**Work order**
Below are some records. Write out exactly their lines from the one with "Книги по реабилитации" through the one with "Вісті Ньюс, Новини, Харків, Дніпро, Київ, Україна, visti.news", and leave the pictures behind.

**Dataset extract**
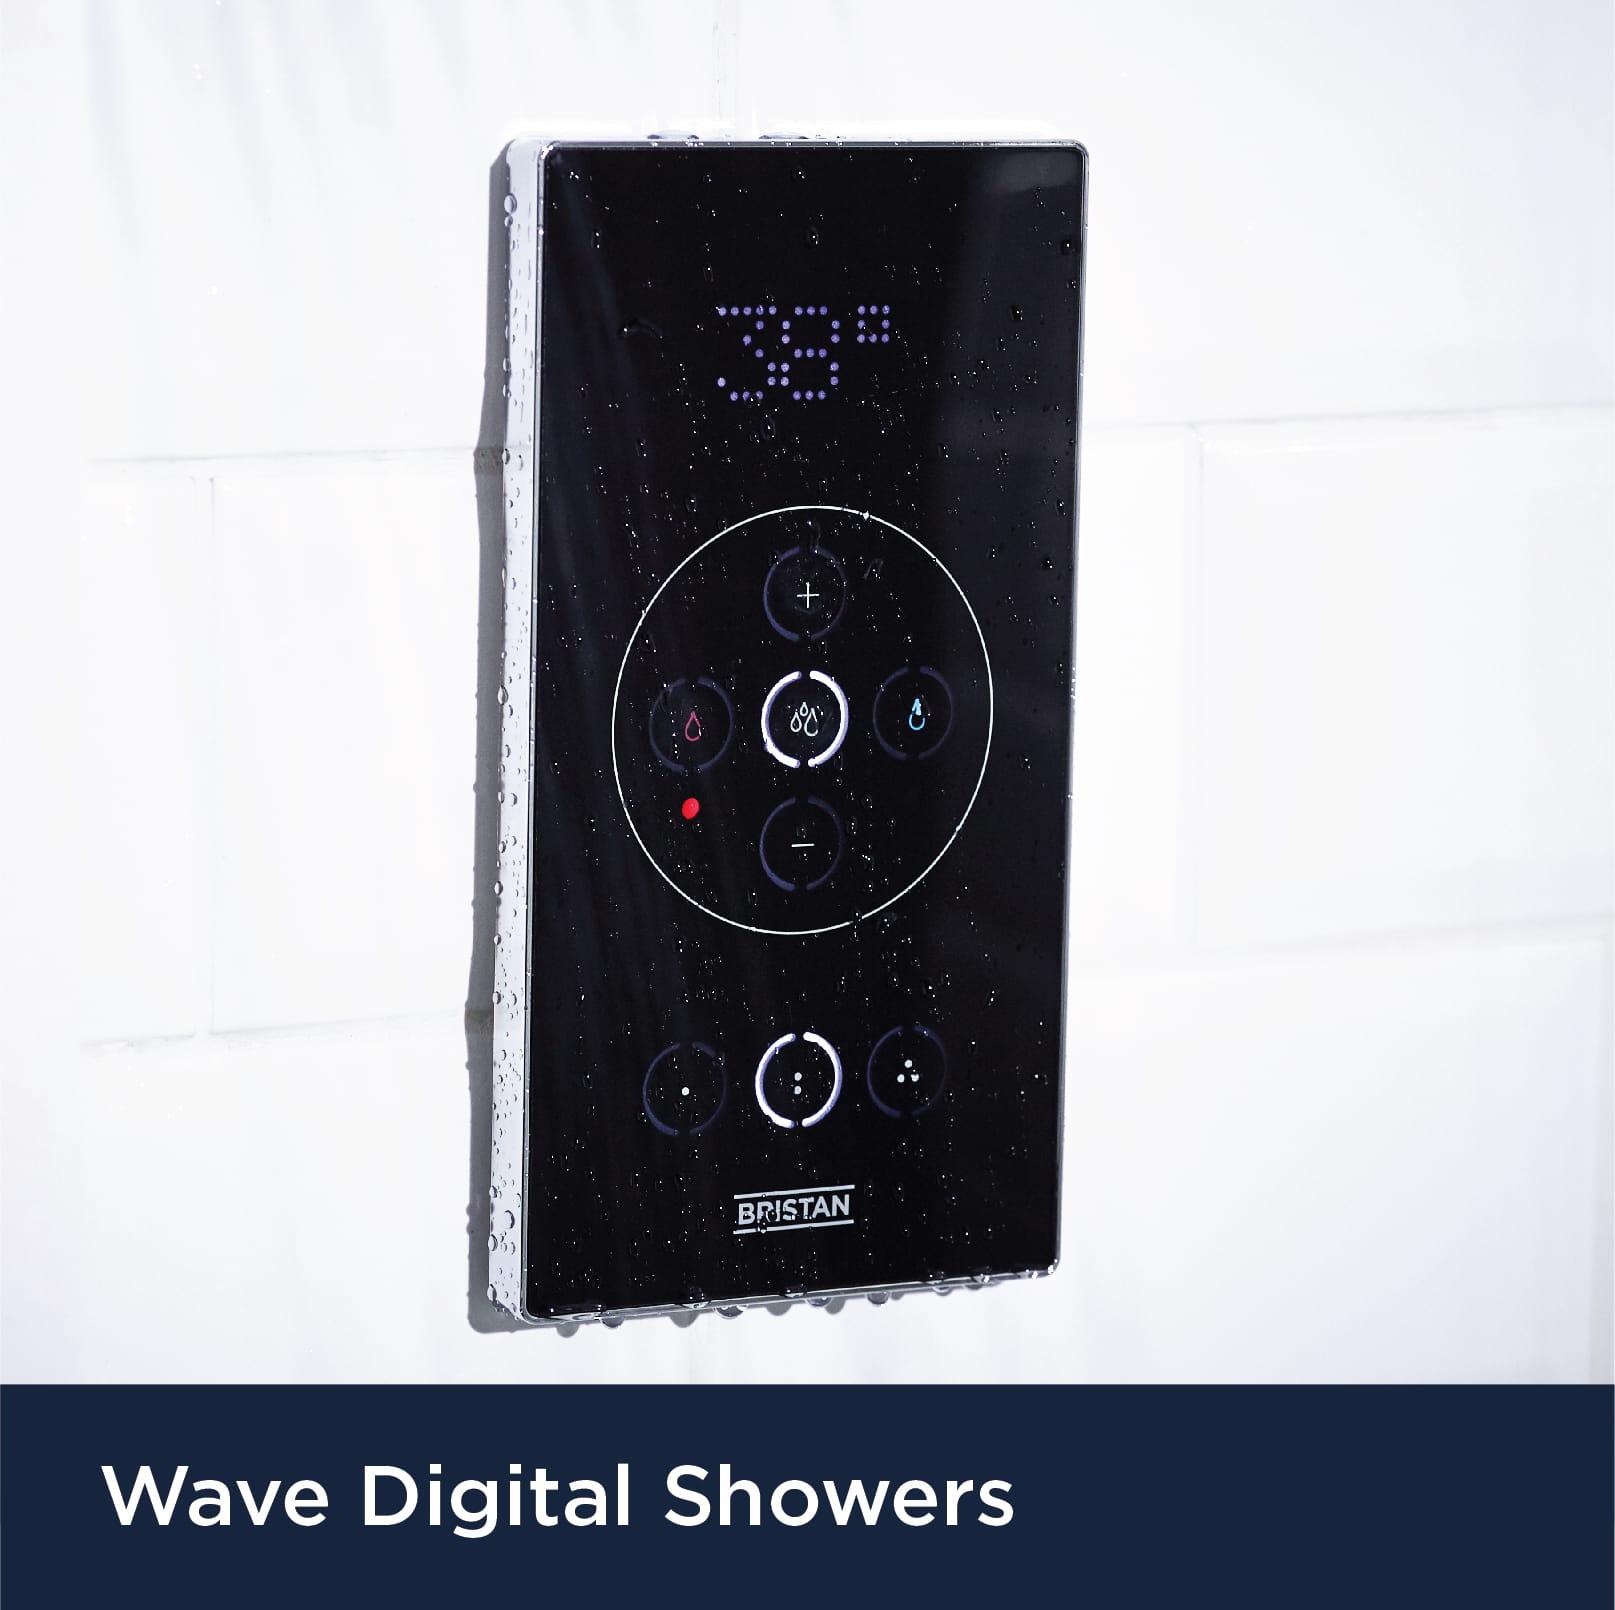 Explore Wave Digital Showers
* * *
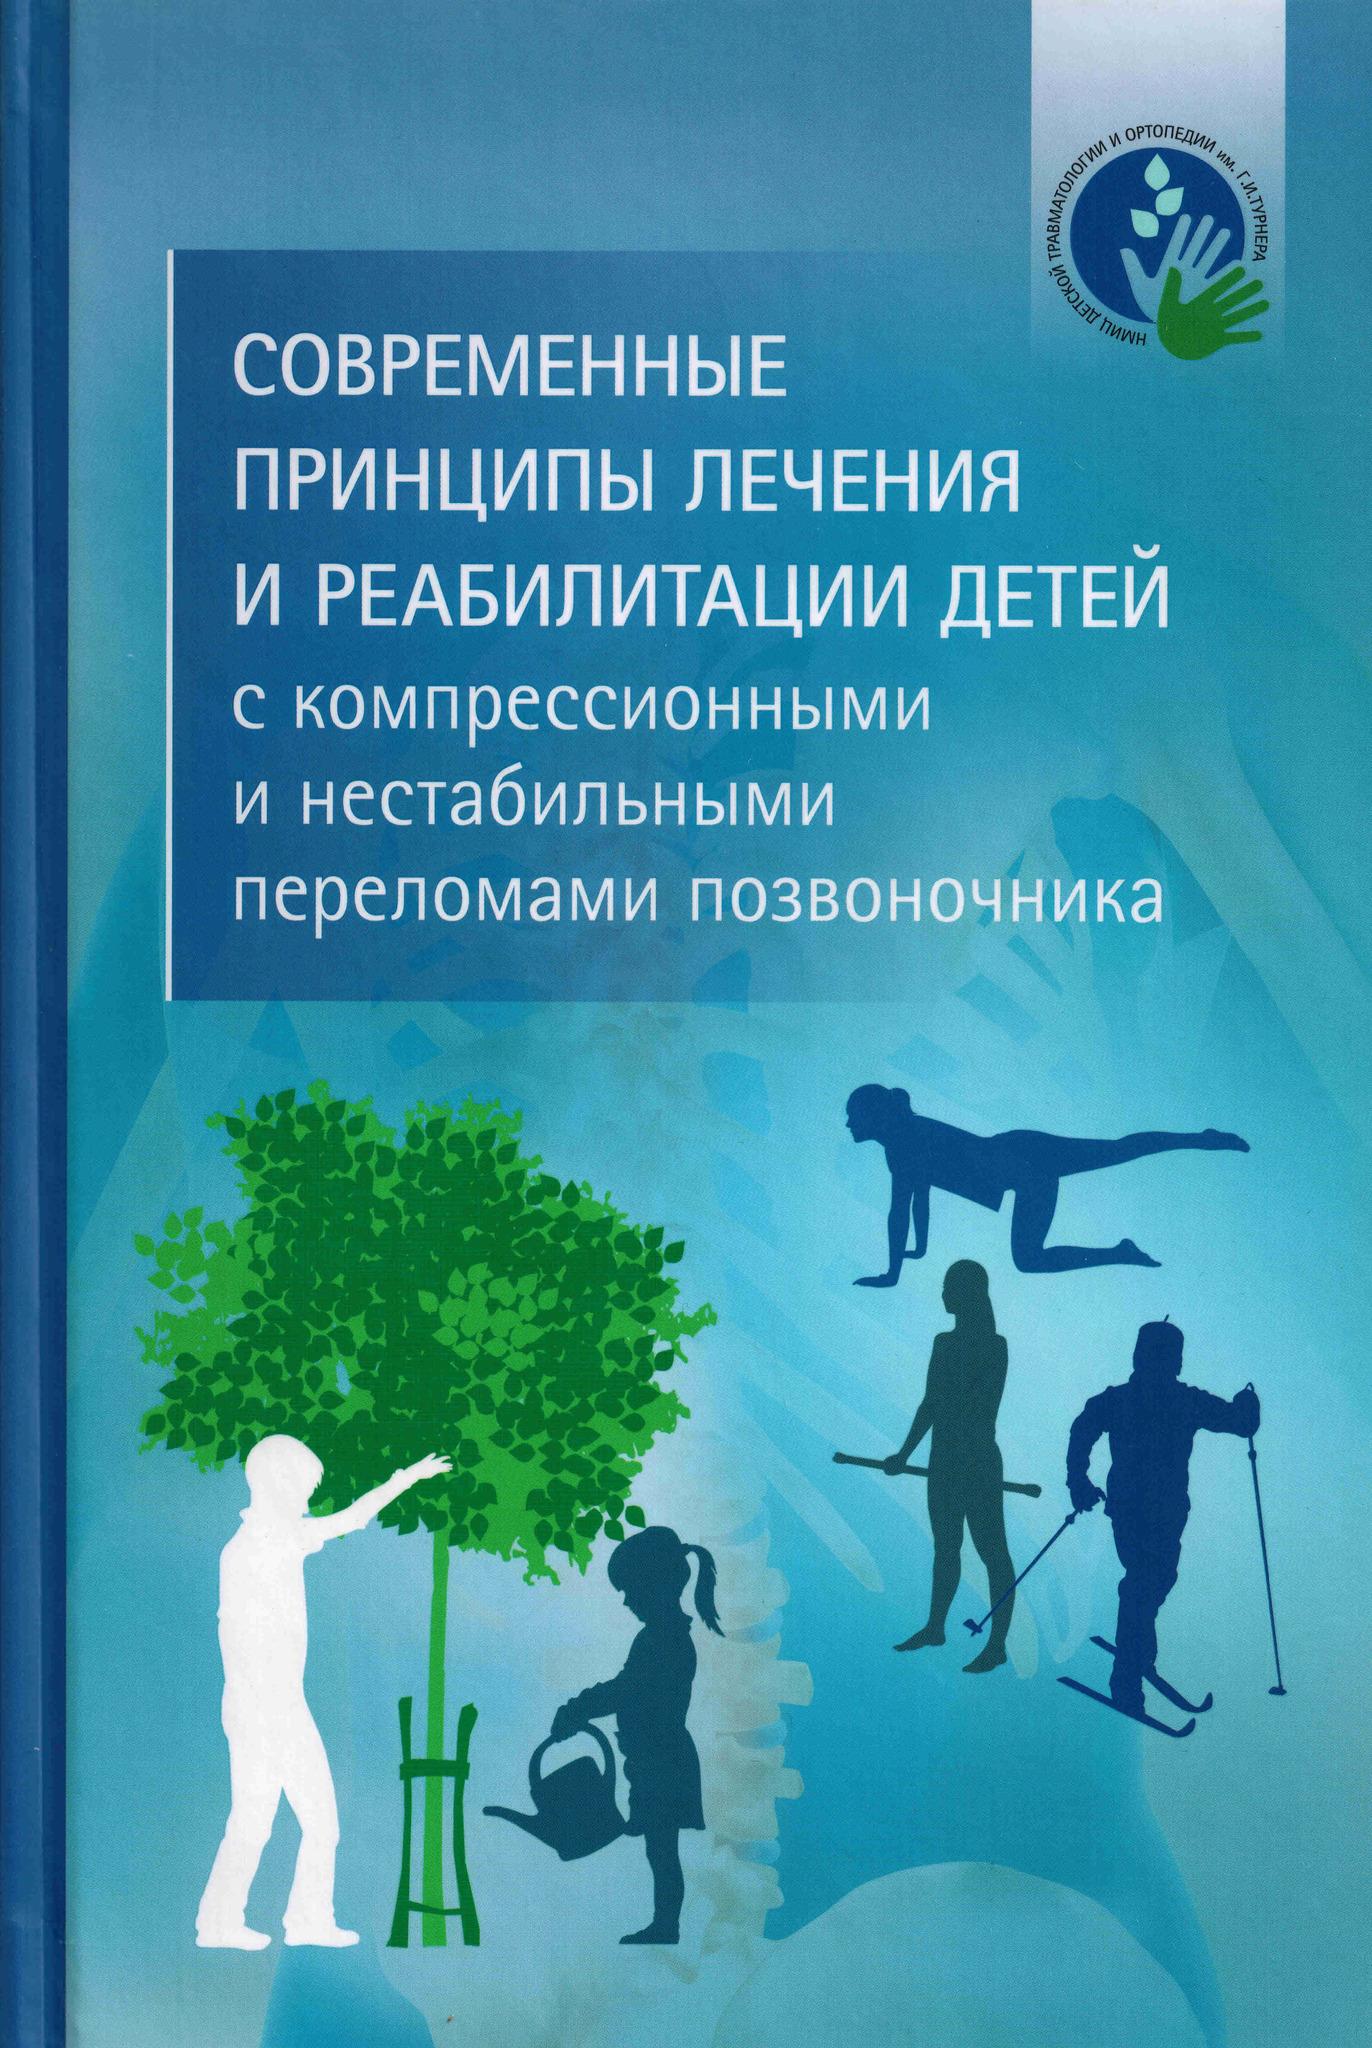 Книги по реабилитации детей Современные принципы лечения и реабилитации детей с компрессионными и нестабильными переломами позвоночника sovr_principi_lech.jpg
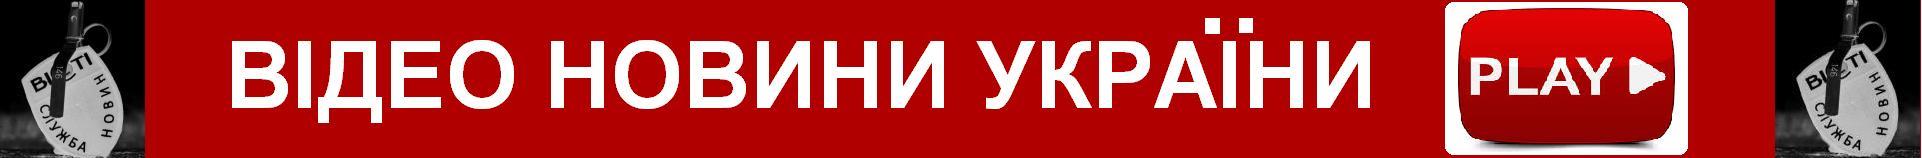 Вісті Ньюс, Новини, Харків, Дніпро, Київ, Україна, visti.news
==
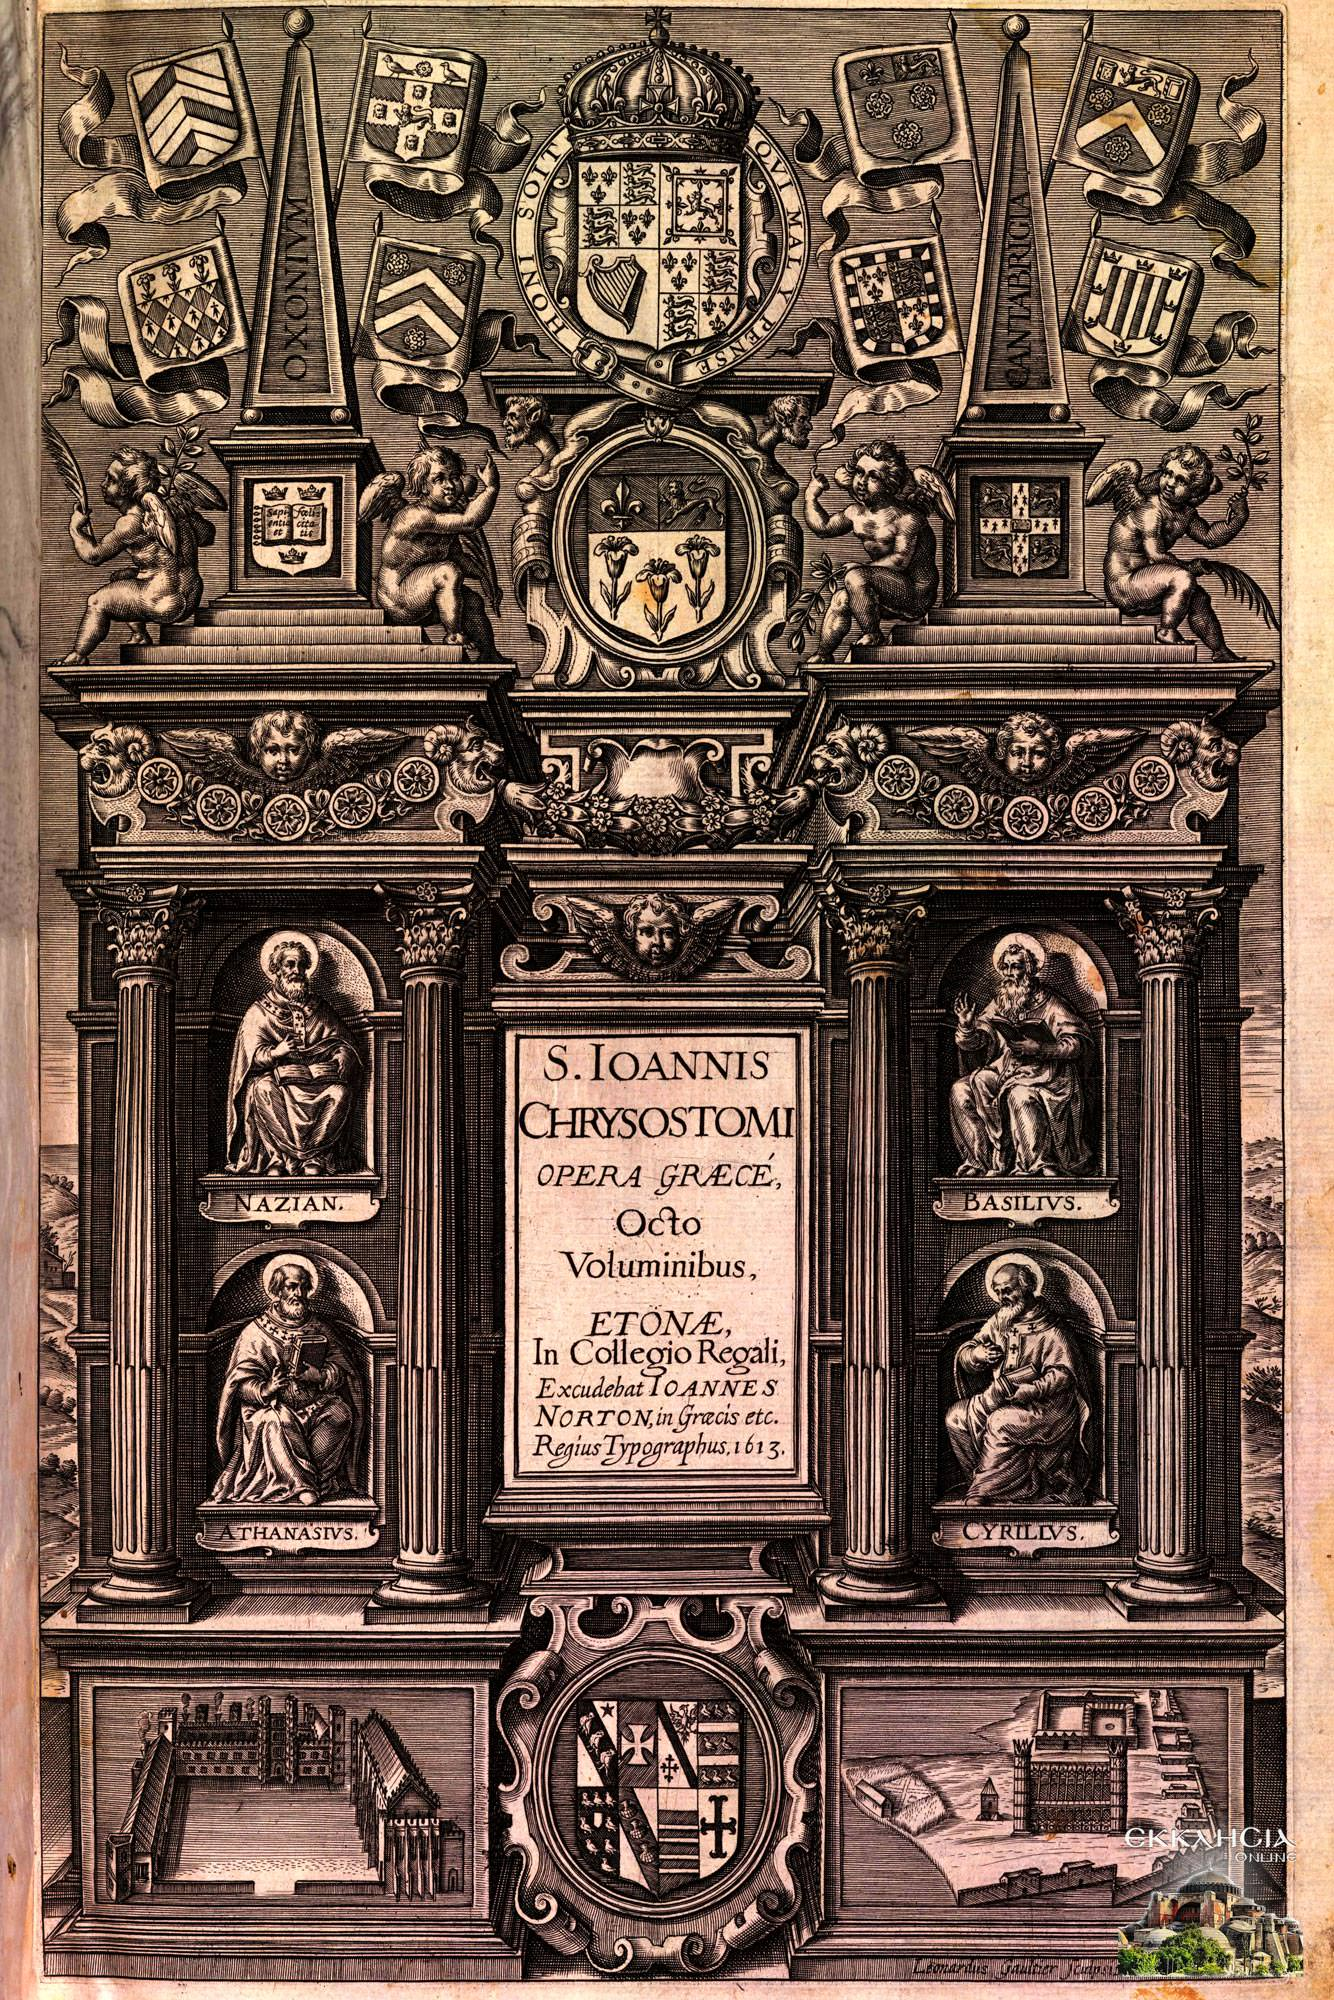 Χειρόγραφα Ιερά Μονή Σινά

**Exercise result**
 Книги по реабилитации детей Современные принципы лечения и реабилитации детей с компрессионными и нестабильными переломами позвоночника sovr_principi_lech.jpg
 Вісті Ньюс, Новини, Харків, Дніпро, Київ, Україна, visti.news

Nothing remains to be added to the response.